At the 21st annual WBS Quantitative Finance Conference in Palermo (September 2025), several presentations focused on computing autocallable Greeks, highlighting the active research in this space. We contributed a practical, production-ready implementation with concrete cost savings, including a complete open-source methodology.
Conference discussions validated the urgent need for robust solutions for the $104B autocallable market, with participants ranging from major banks, specialized boutiques, and hedge funds, all wrestling with the same Greeks calculation challenges.
The problem
Despite AAD adoption by ~20% of Tier 1 banks, the debate over computing autocallable Greeks remains unsettled. A vocal contingent argues that “AAD doesn’t work for discontinuous payoffs,” while others persist with expensive bump-and-revalue approaches.
Bump-and-revalue leaves you stuck with 10M+ paths for stable correlation Greeks, noisy results OTM, and uncertain bump sizes introducing error rates of up to 10%.
Pathwise AAD on its own requires continuous payoffs, and standard application to digitals yields zero gradients almost everywhere. However, dismissing AAD entirely would mean losing the methodology’s significant efficiency gains.
The solution: Smoothing + AAD
The key insight is that you don’t need to work with the discontinuous payoff directly. Replace Heaviside functions with smooth sigmoid approximations that preserve contract economics:
contLess(a, b, h) =
h = 0: 1{a < b}
h > 0: ½(((b-a)/(0.02h))/√(1+((b-a)/(0.02h))²) + 1)
Properties that matter:
- Area under the smoothed curve ≈ original digital (quantifiable price difference)
- Enables meaningful gradients for AAD
- Tunable parameter for accuracy/stability tradeoff
- Provable convergence as
Three methods benchmarked
We benchmarked on a Phoenix Autocallable (2-asset worst-of, quarterly observations):
| Method | Description | Relative Cost |
|---|---|---|
| Base | No smoothing + finite differences | 1.0× (baseline) |
| Smoothed | Smoothing + finite differences | ~0.5× |
| AADC | Smoothing + AAD | 0.1× (90% reduction) |
The key finding: 1M paths with smoothing + AAD achieves the same accuracy as 10M paths with bump-and-revalue. That’s a 90% reduction in computational cost.
Correlation Greeks — traditionally the noisiest and most expensive — become stable at a fraction of the cost.
Open source
Complete C++ implementation available at github.com/matlogica/QuantBench.
Presented at WBS Quantitative Finance Conference, Palermo, September 2025. Implemented using AADC, a commercial adjoint AD compiler (matlogica.com).

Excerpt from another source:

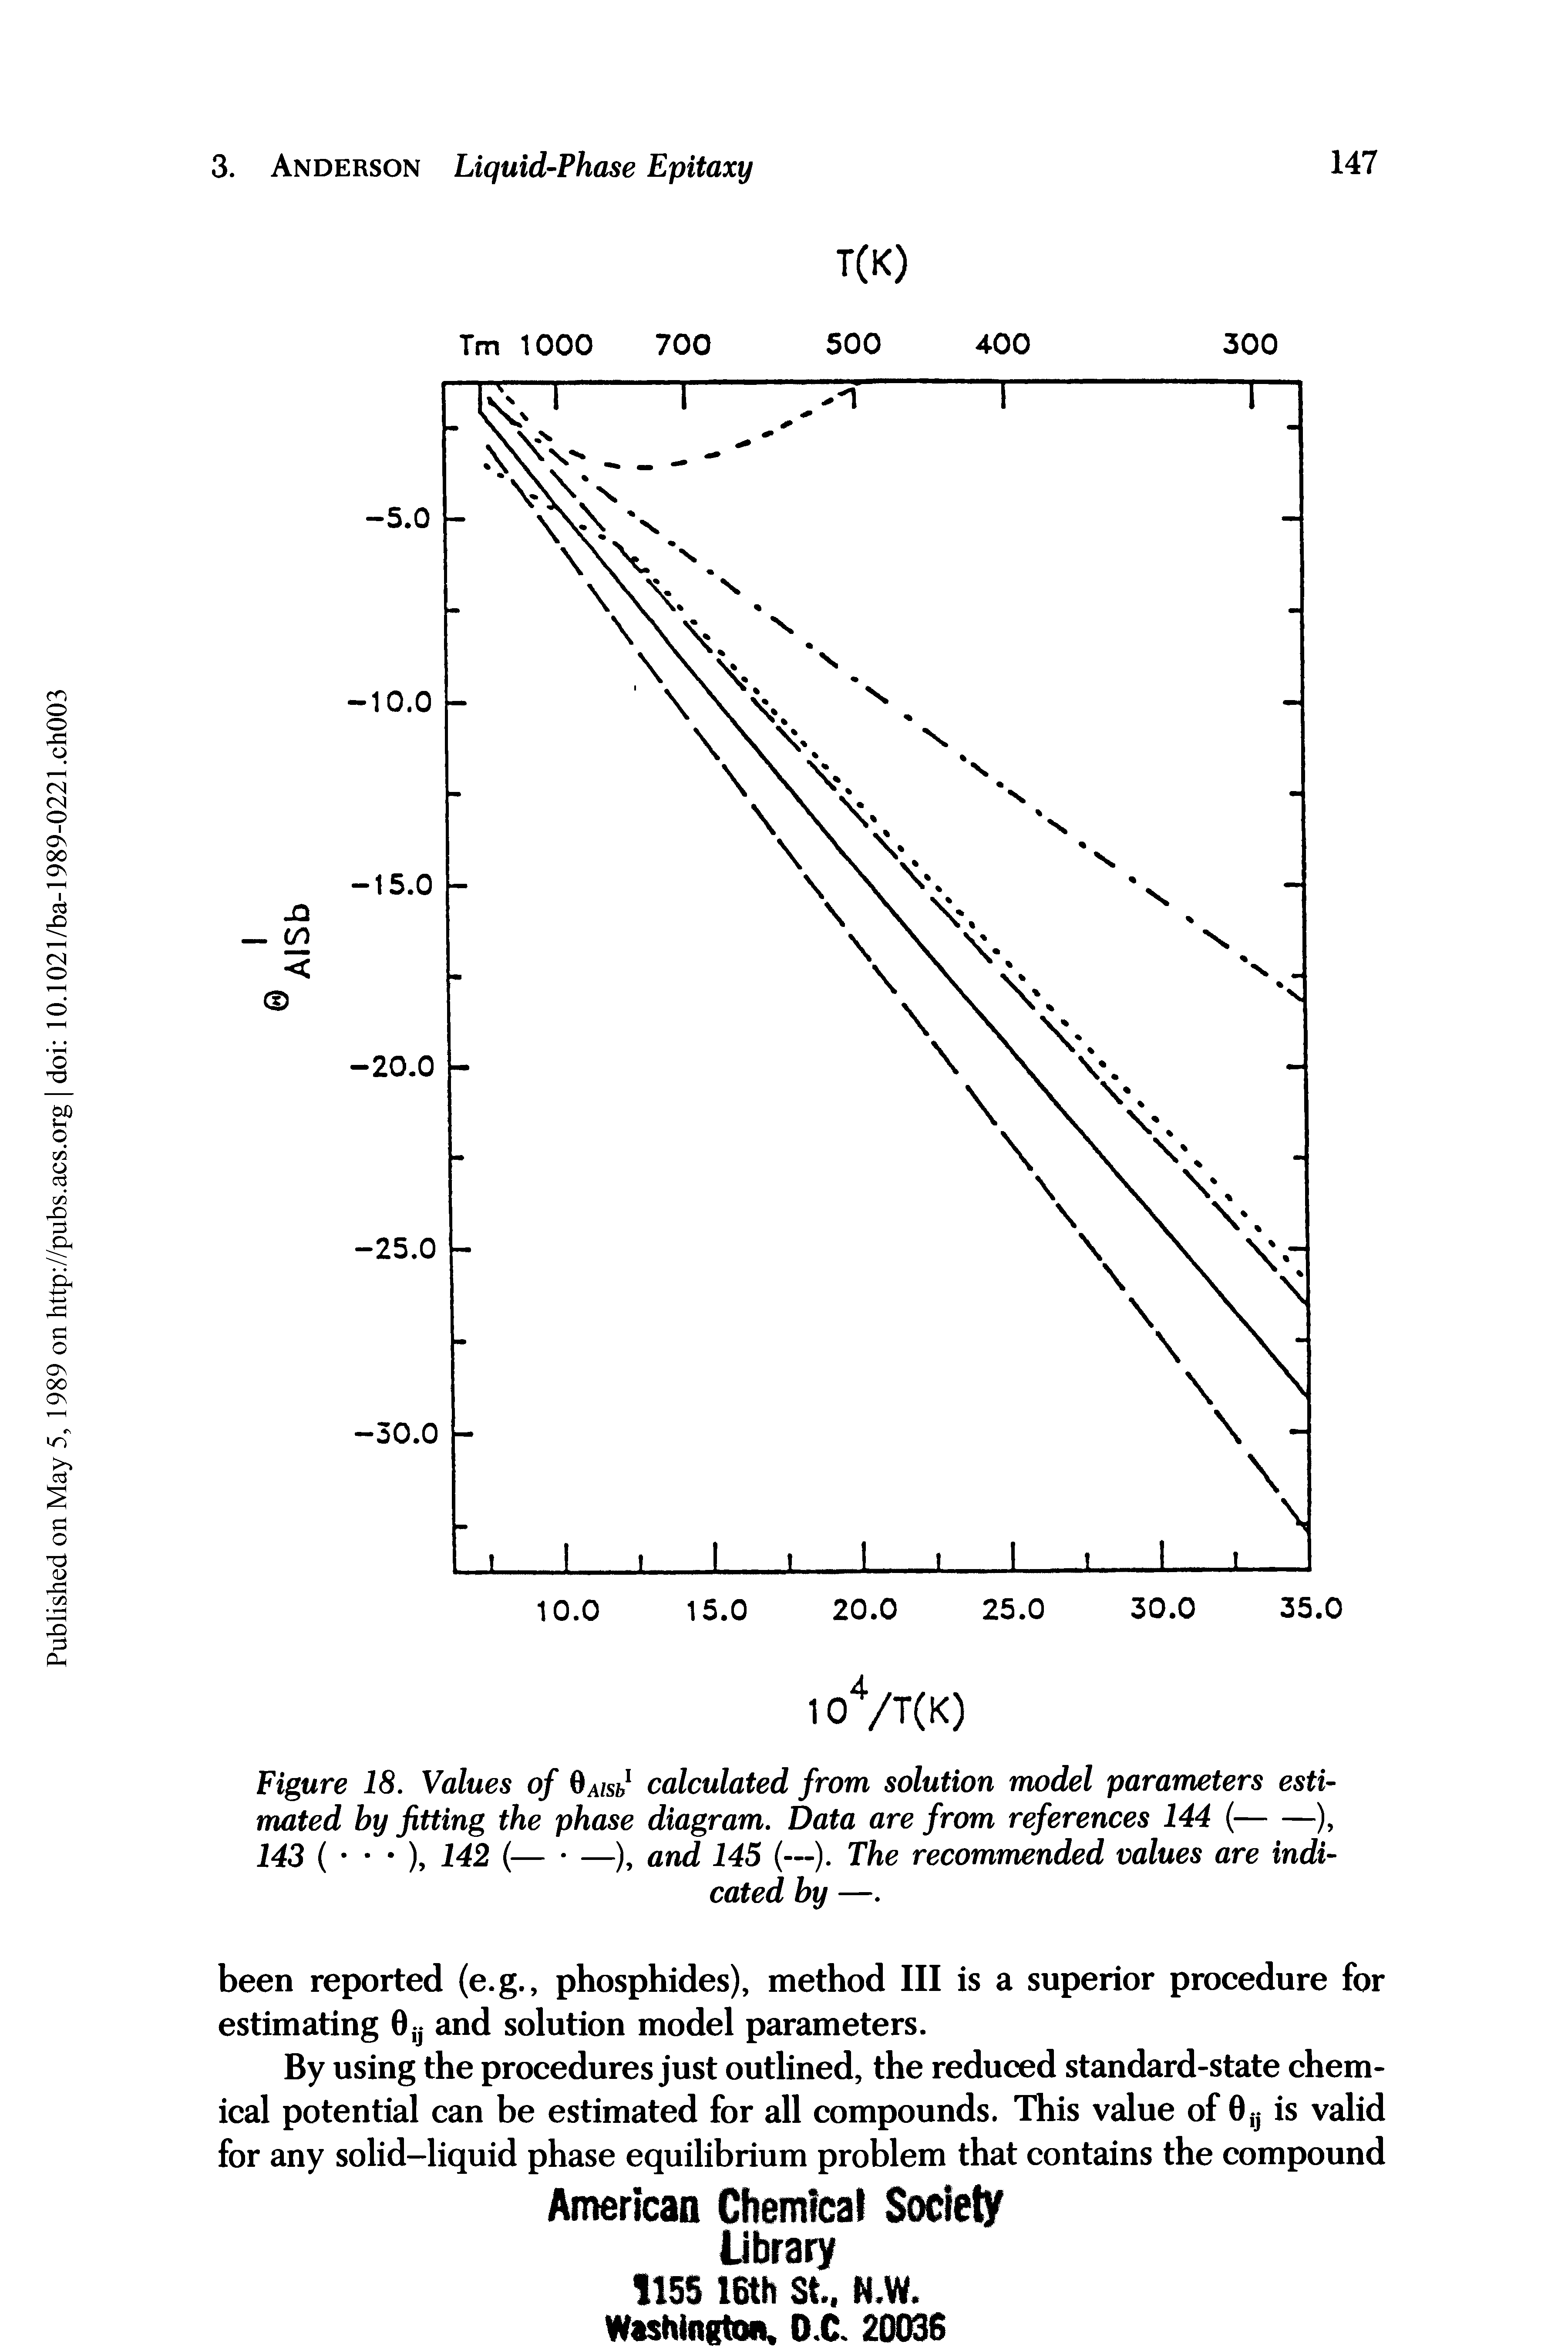 Figure 18. Values of Gazs, 1 calculated from solution model parameters estimated by fitting the phase diagram. Data are from references 144 (-),...

Frequently Asked Questions
How does AAD work for autocallable Greeks?
By combining mathematical smoothing with Automatic Adjoint Differentiation, we achieve 90% computational cost reduction while maintaining accuracy for autocallable structured products. Smoothing replaces Heaviside functions with sigmoid approximations that preserve contract economics and enable meaningful AAD gradients.
What is the performance improvement with smoothing + AAD?
1M paths with smoothing+AAD achieves comparable or better accuracy than 10M paths using traditional bump-and-revalue methods, representing a 90% reduction in computational cost and orders of magnitude improvement in efficiency.
Can AAD handle discontinuous payoffs like autocallables?
Standard pathwise AAD cannot directly handle discontinuous payoffs (yields zero gradients). However, by applying mathematical smoothing to convert digitals into smooth sigmoid approximations, AAD becomes highly effective while maintaining accuracy and enabling massive computational savings.
How do you validate that smoothed payoffs converge correctly?
The area difference between smoothed and actual digital is mathematically quantifiable. Convoluting with the density function gives measurable price deviation. In practice, relative error is small for material payoffs and negligible when digital value itself is small.